(Goal of the exercise) Transcribe only the lines in the data below falling between the line with "Rodis Drawstring Sweatpants" and the line with "78 Best images", including those two lines, and leave out any picture.

(Material to process)
·····

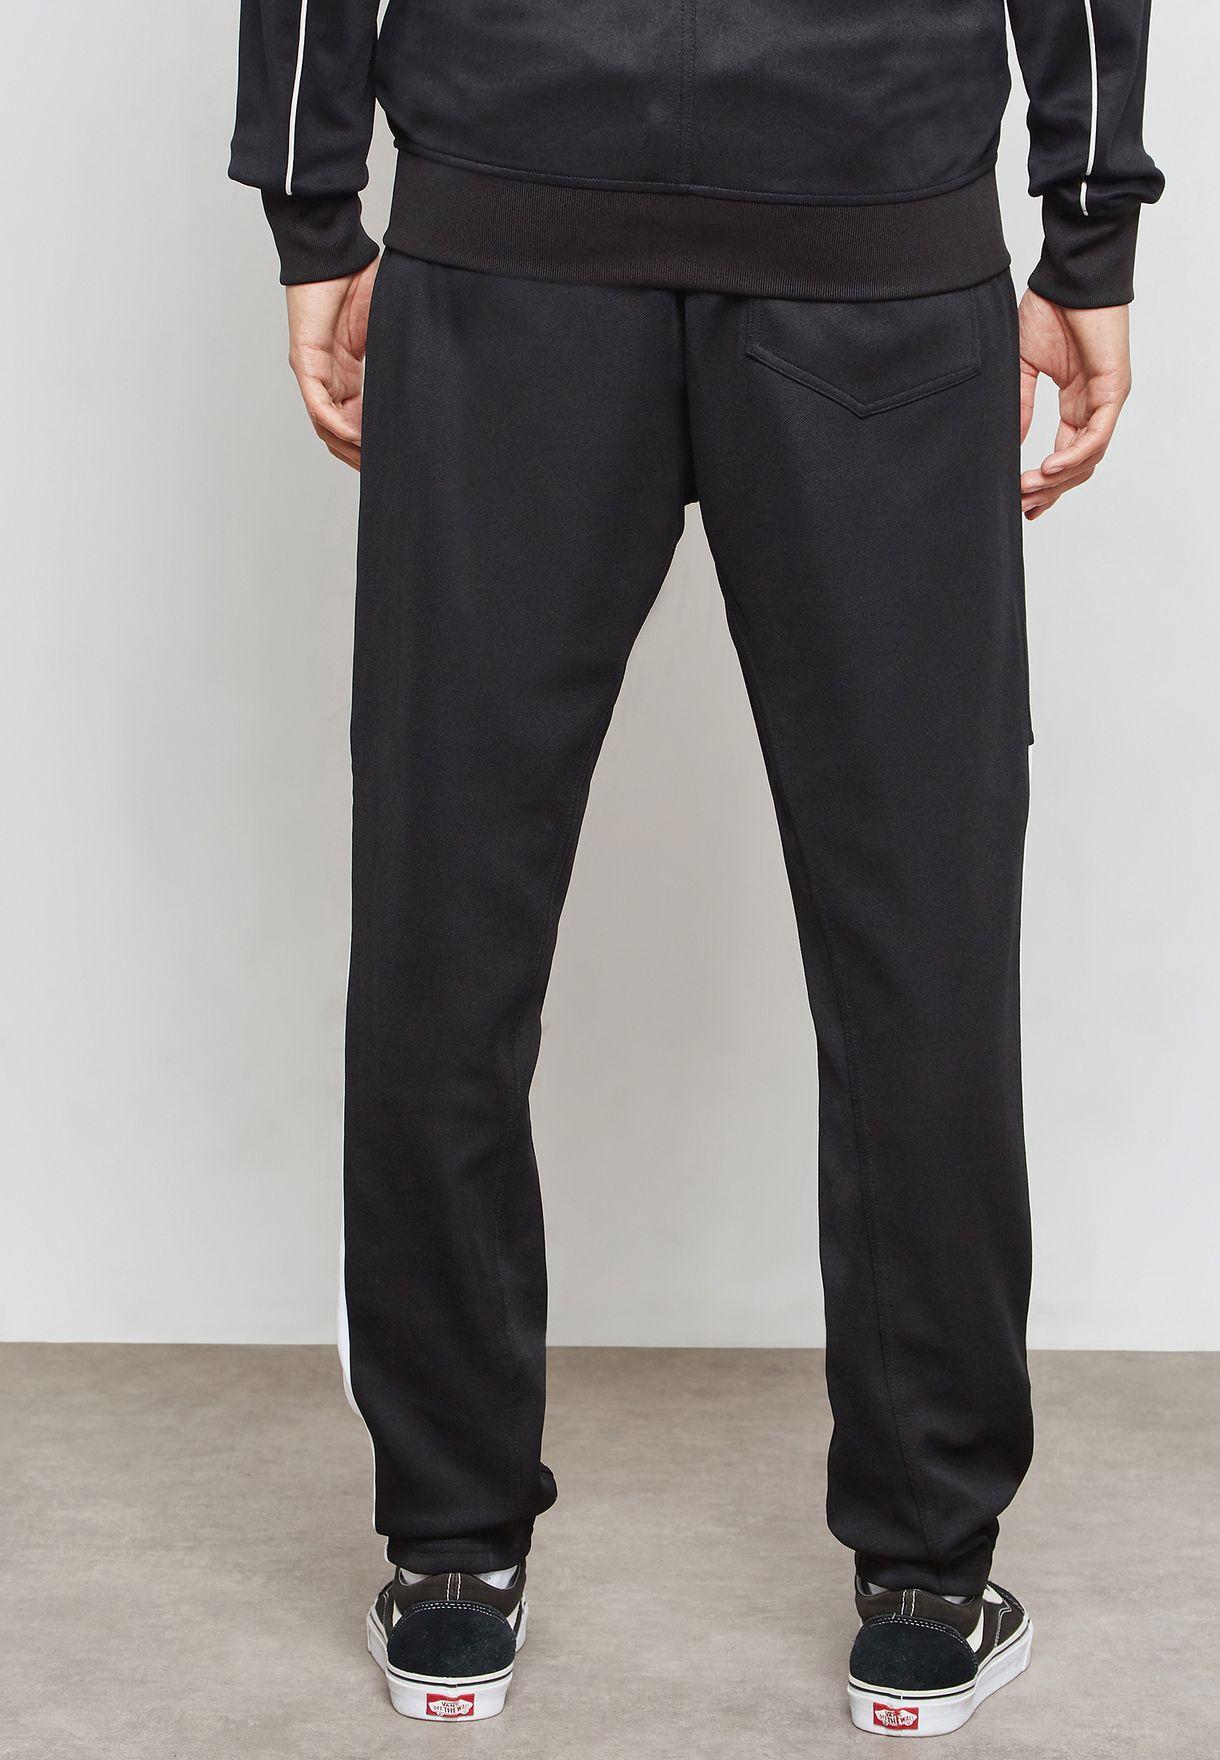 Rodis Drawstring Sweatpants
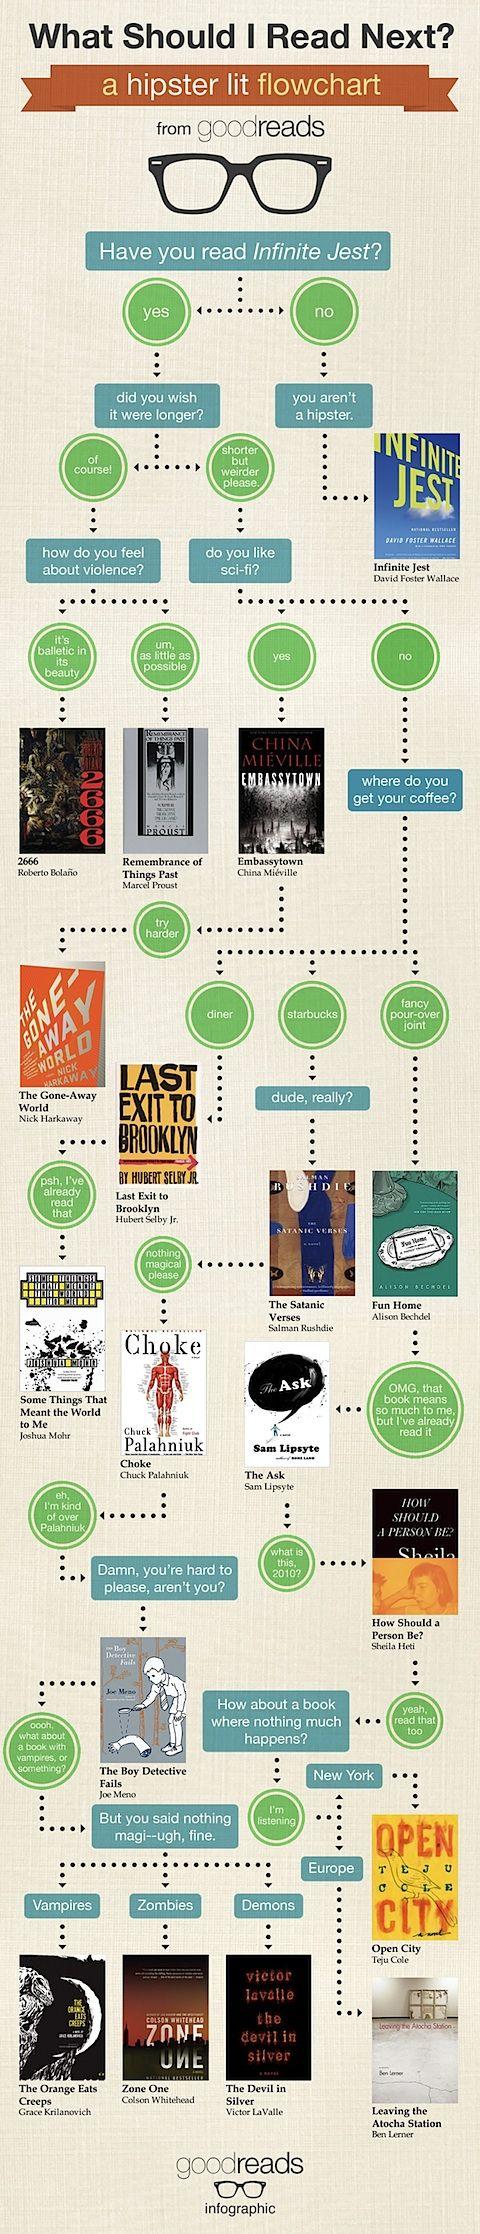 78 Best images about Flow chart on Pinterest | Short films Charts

·····

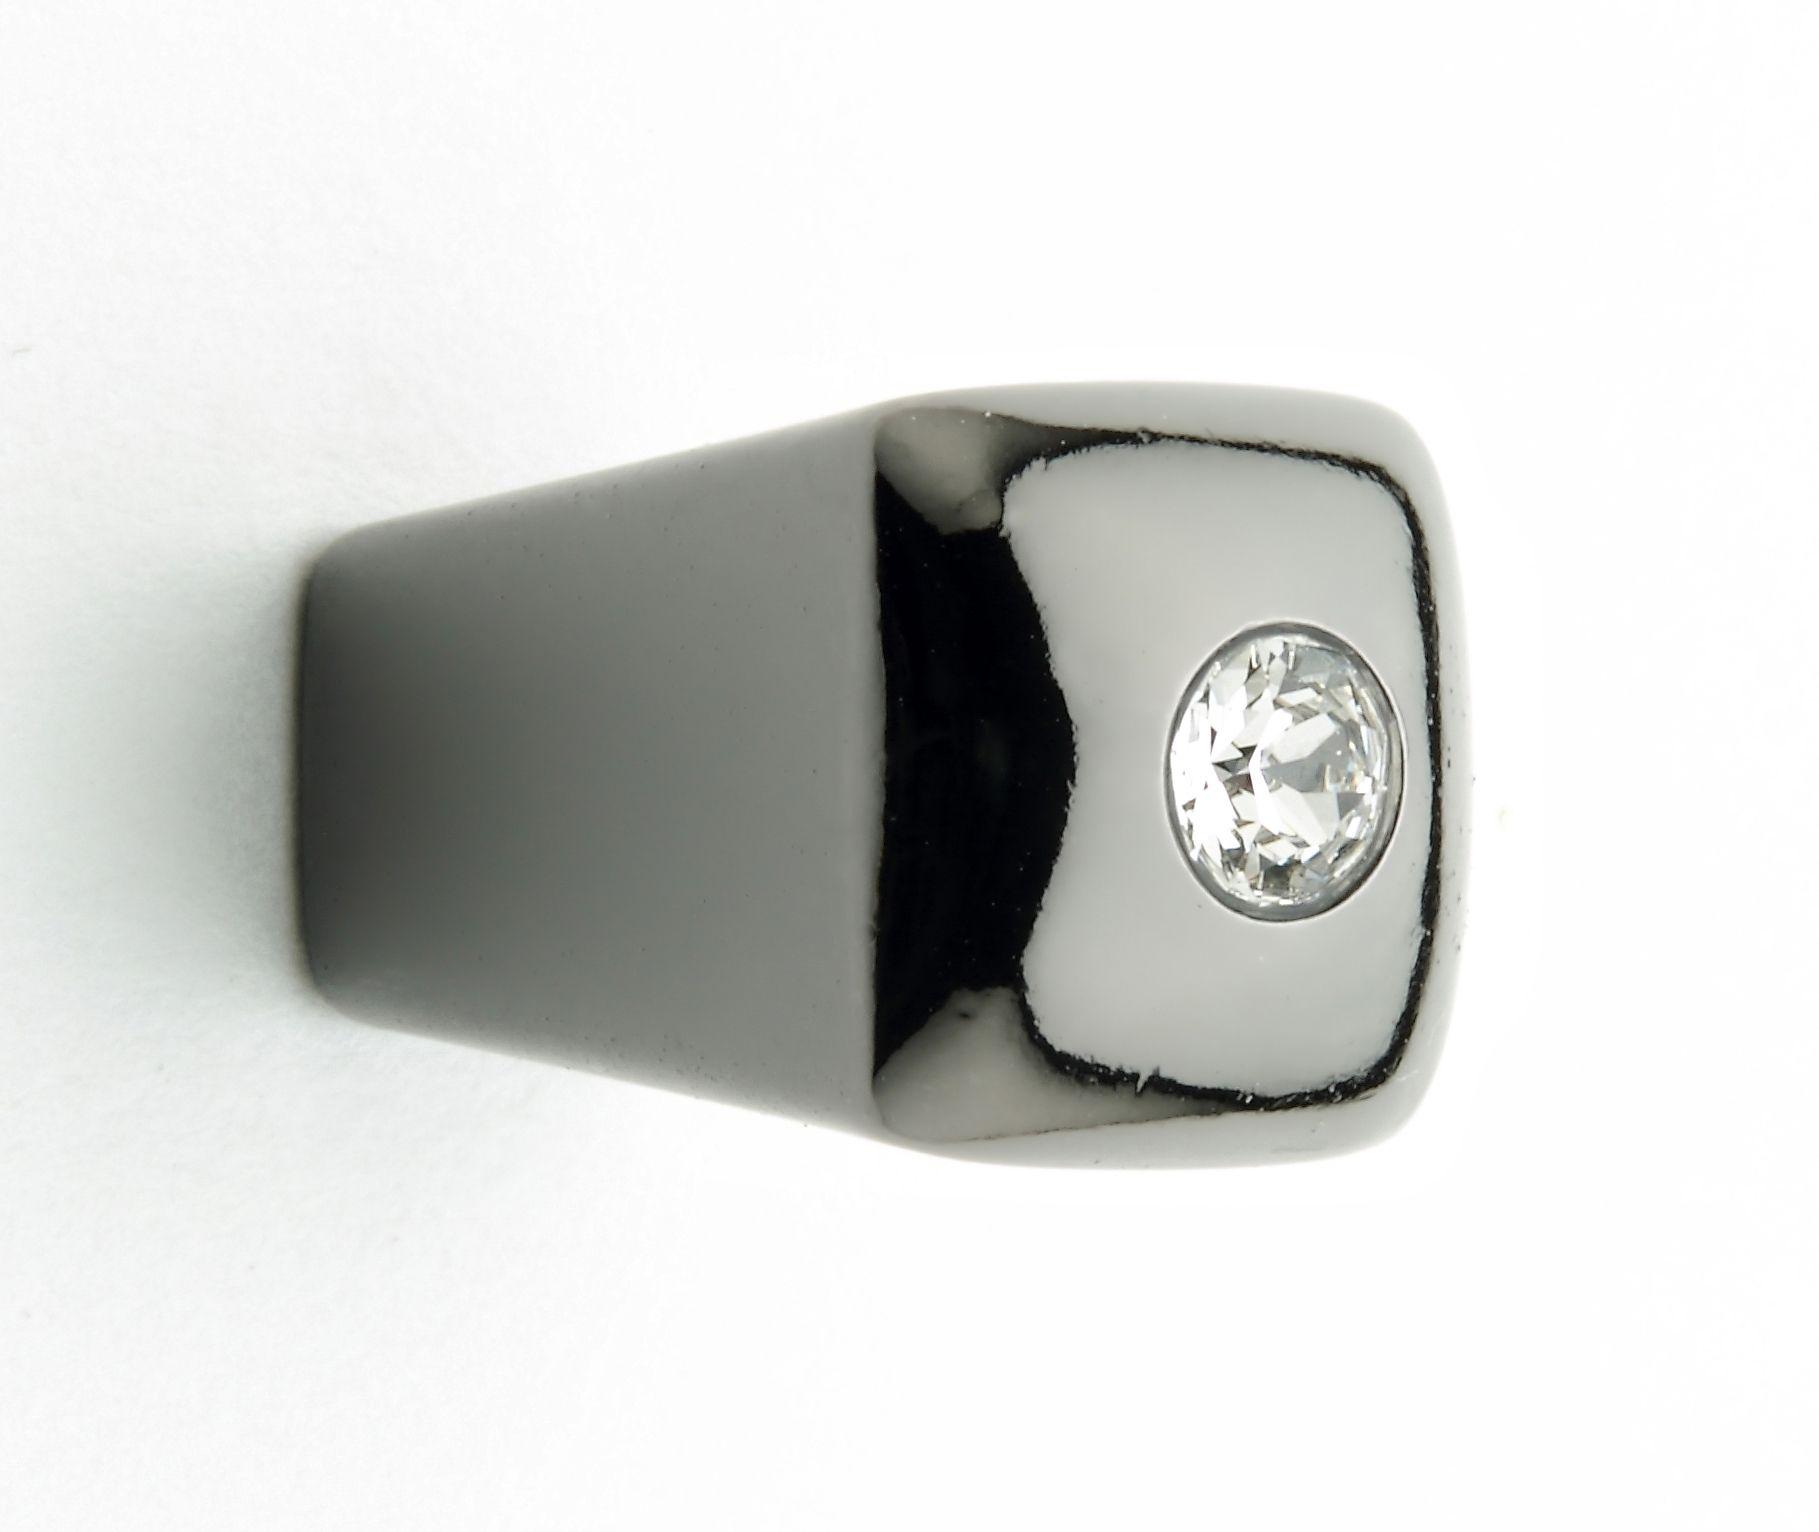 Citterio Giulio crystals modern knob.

·····

(Task output)
 Rodis Drawstring Sweatpants
 78 Best images about Flow chart on Pinterest | Short films Charts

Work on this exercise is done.